**EXERCISE:**
Give the data again exactly as it appears, excluding any pictures.

**RAW DATA:**
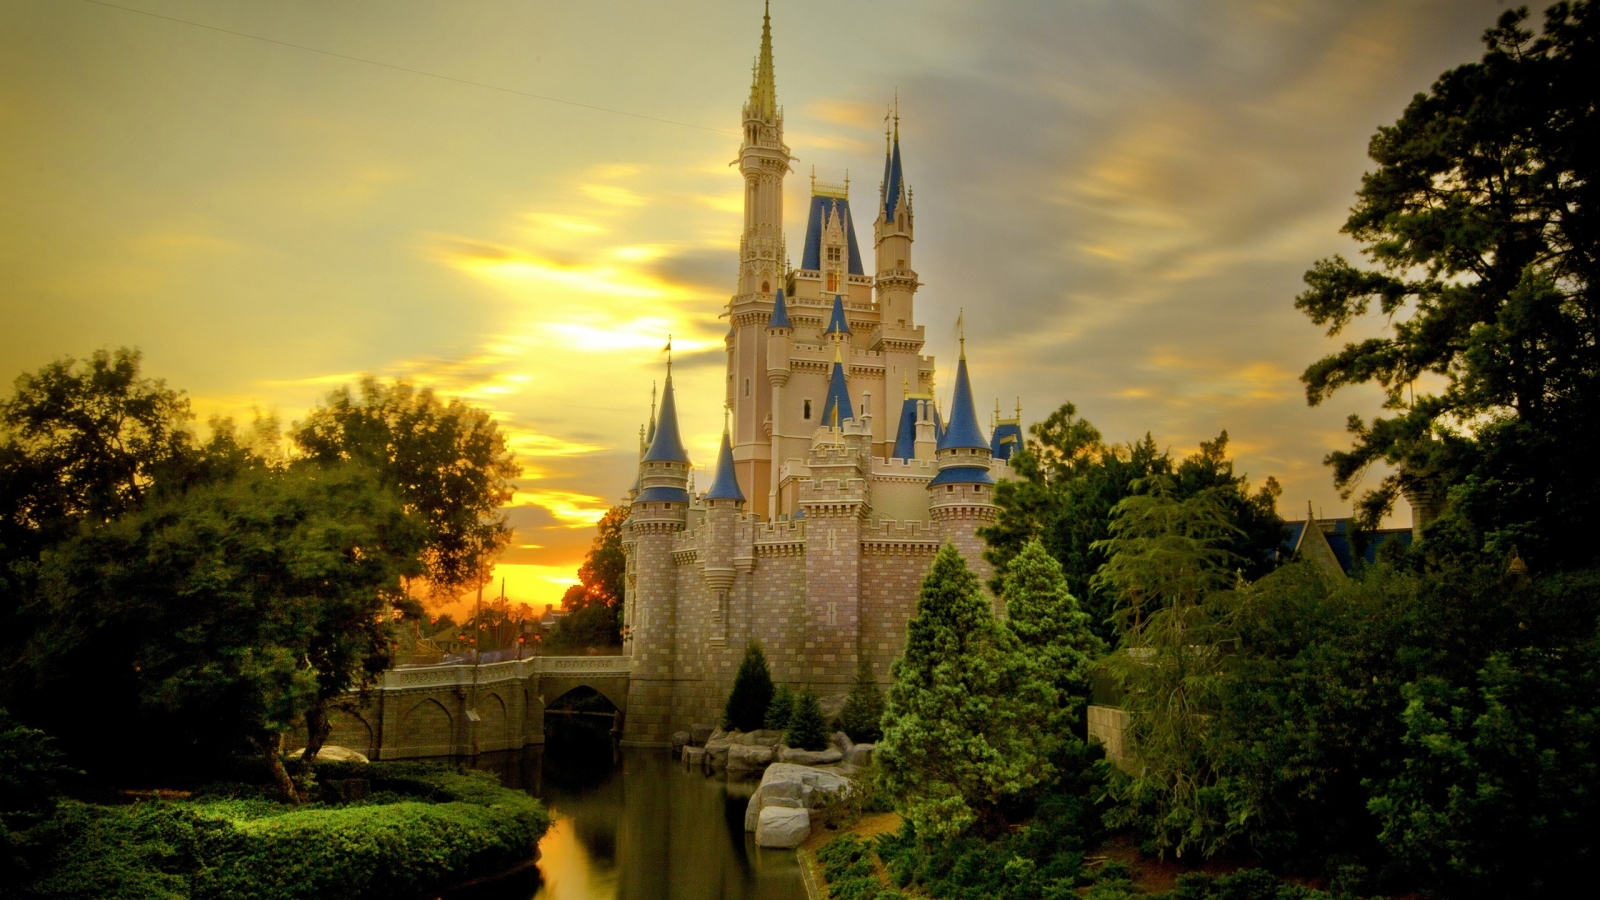 Castillos de princesas - 1600x900
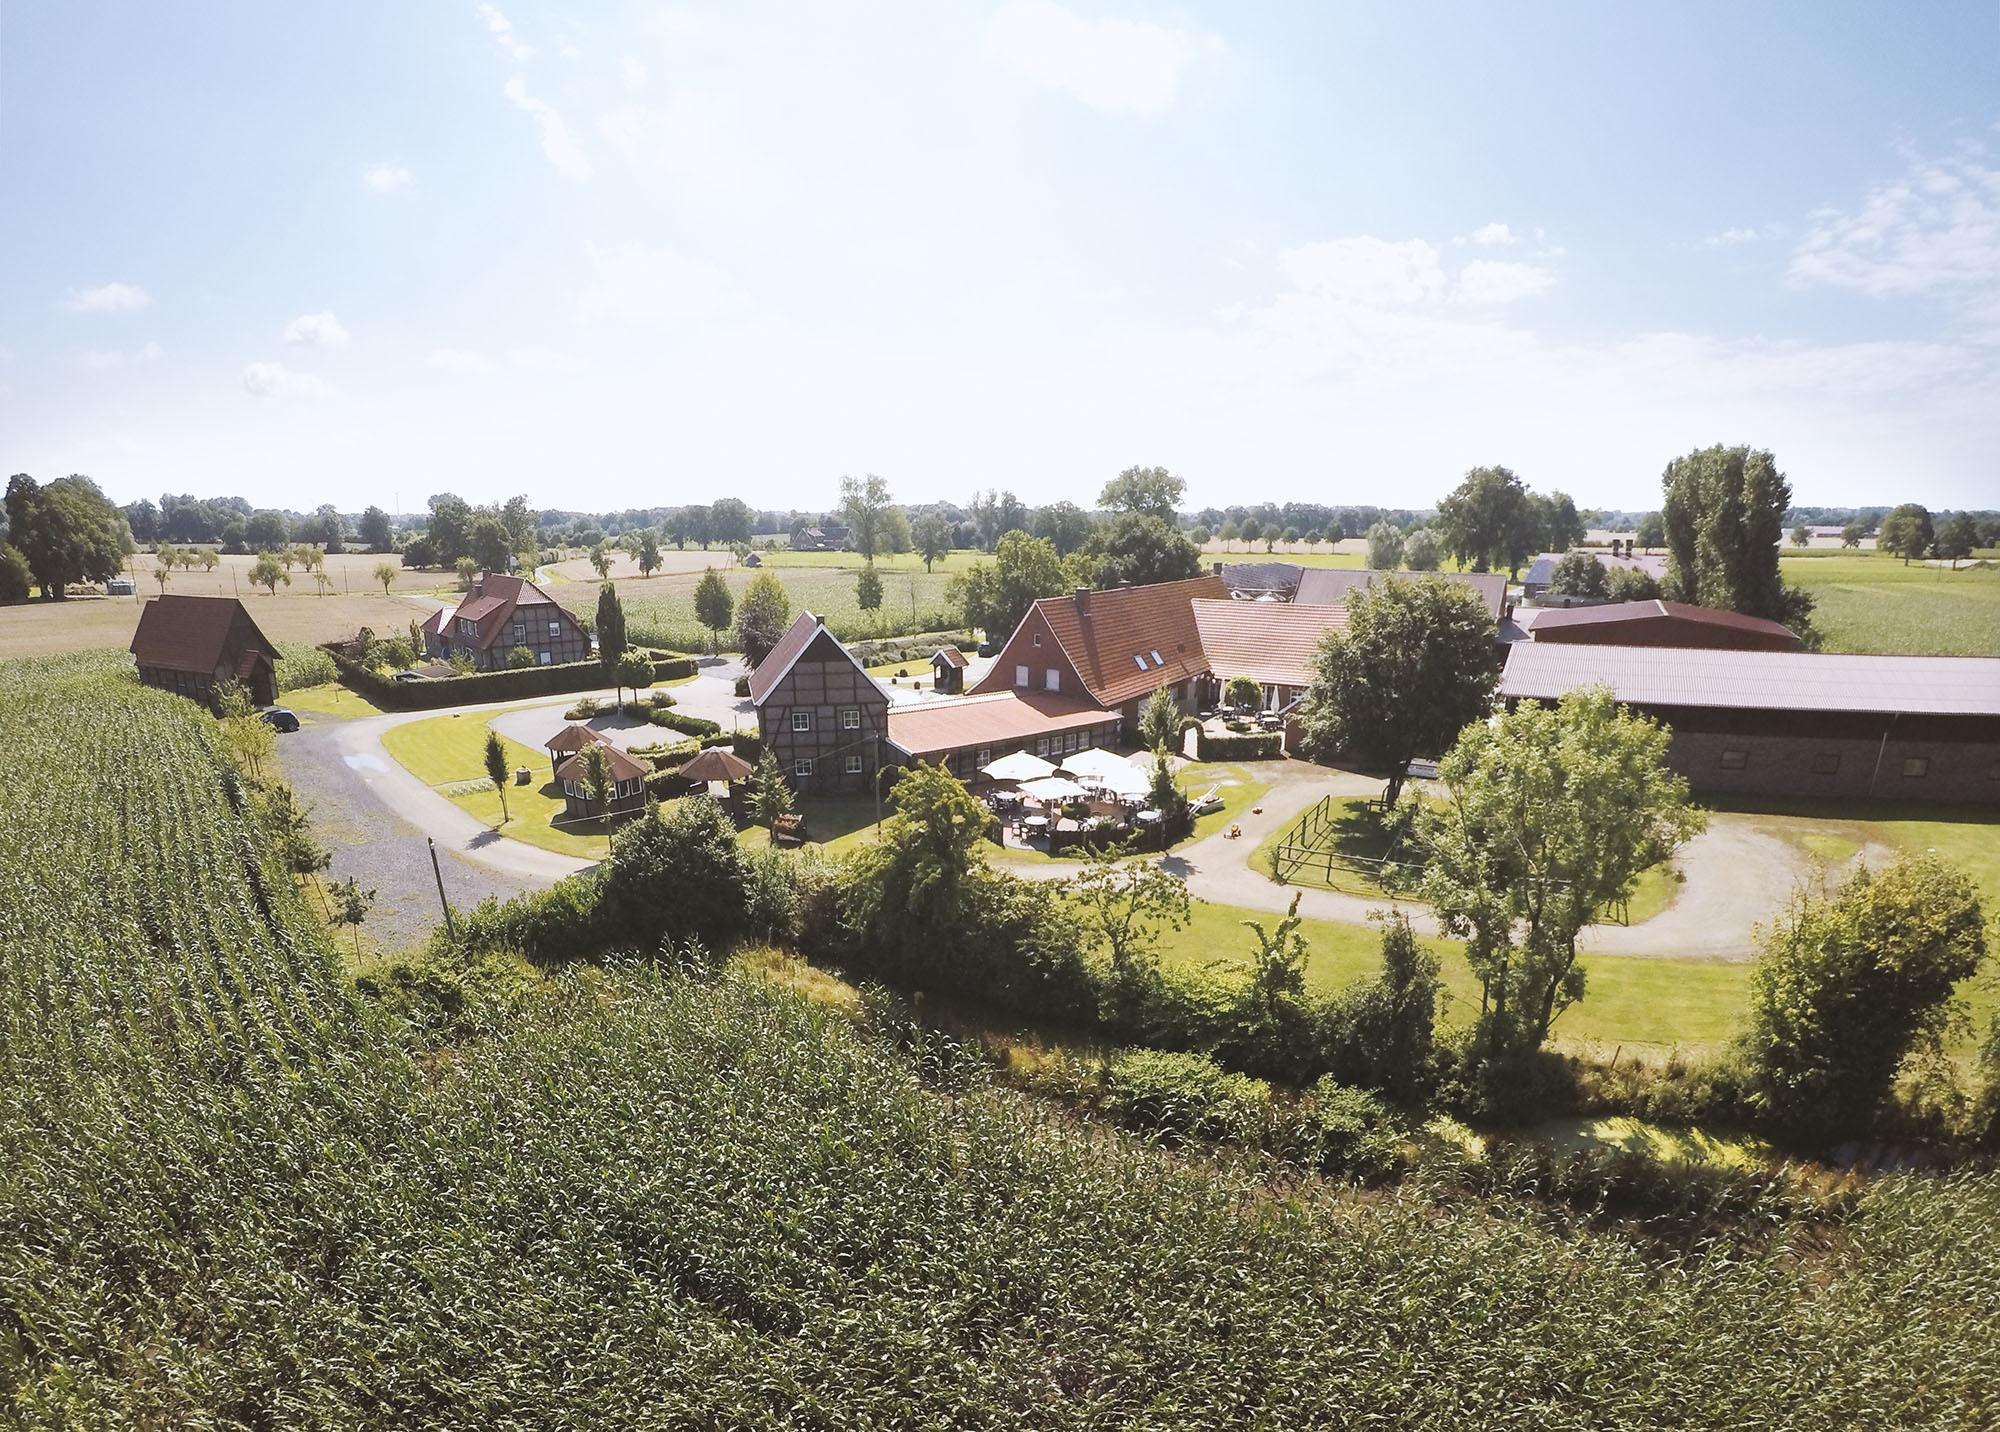 Outdoor Küche Nordwalde : Outdoor küche nordwalde gärten offene gaerten westfalens
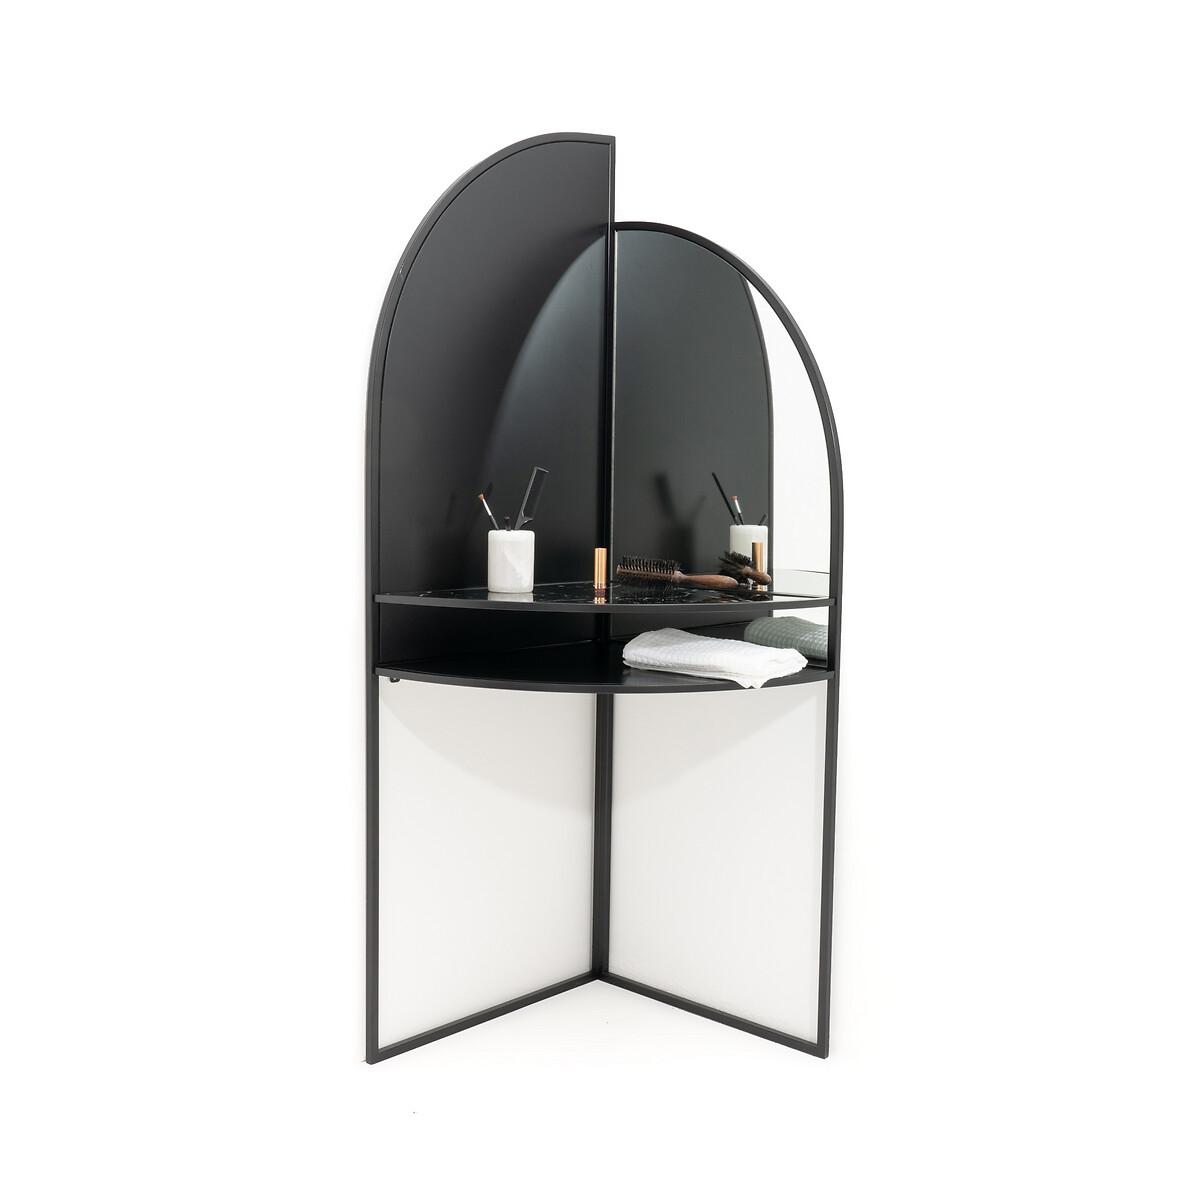 Стол LaRedoute Туалетный из металла и стекла Palazzo единый размер черный
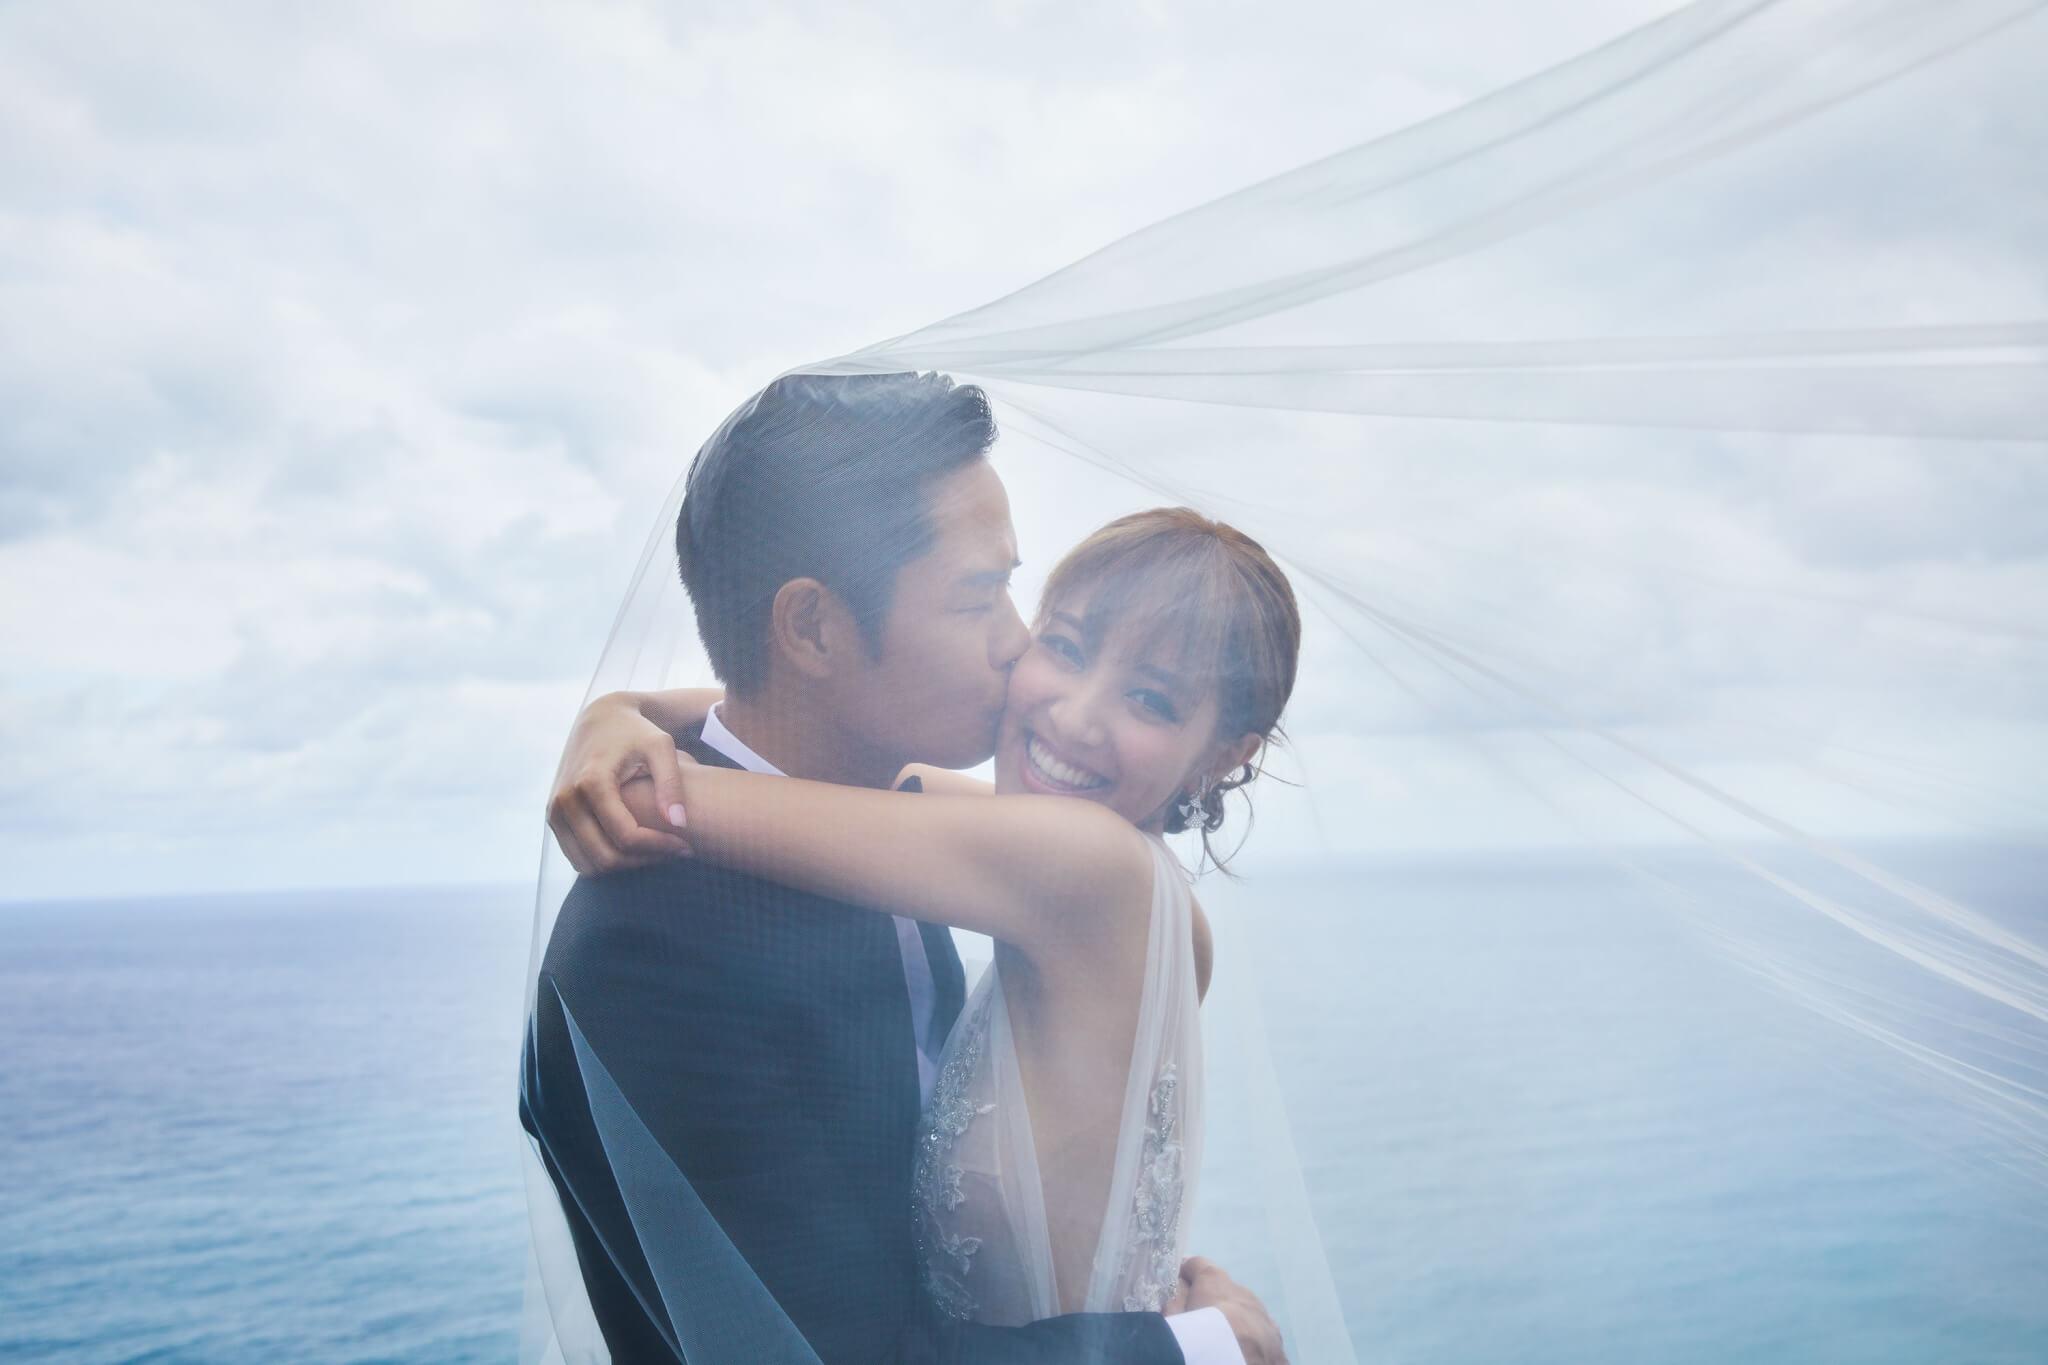 陳凱琳在2015年因拍攝無綫劇集《殭》而與年長22年的鄭嘉穎相戀;2018年8月12日,兩人在印尼峇里島舉行婚禮。

**ANSWER BOX:**
 Castillos de princesas - 1600x900
 Outdoor Küche Nordwalde : Outdoor küche nordwalde gärten offene gaerten westfalens
 Стол LaRedoute Туалетный из металла и стекла Palazzo единый размер черный
 陳凱琳在2015年因拍攝無綫劇集《殭》而與年長22年的鄭嘉穎相戀;2018年8月12日,兩人在印尼峇里島舉行婚禮。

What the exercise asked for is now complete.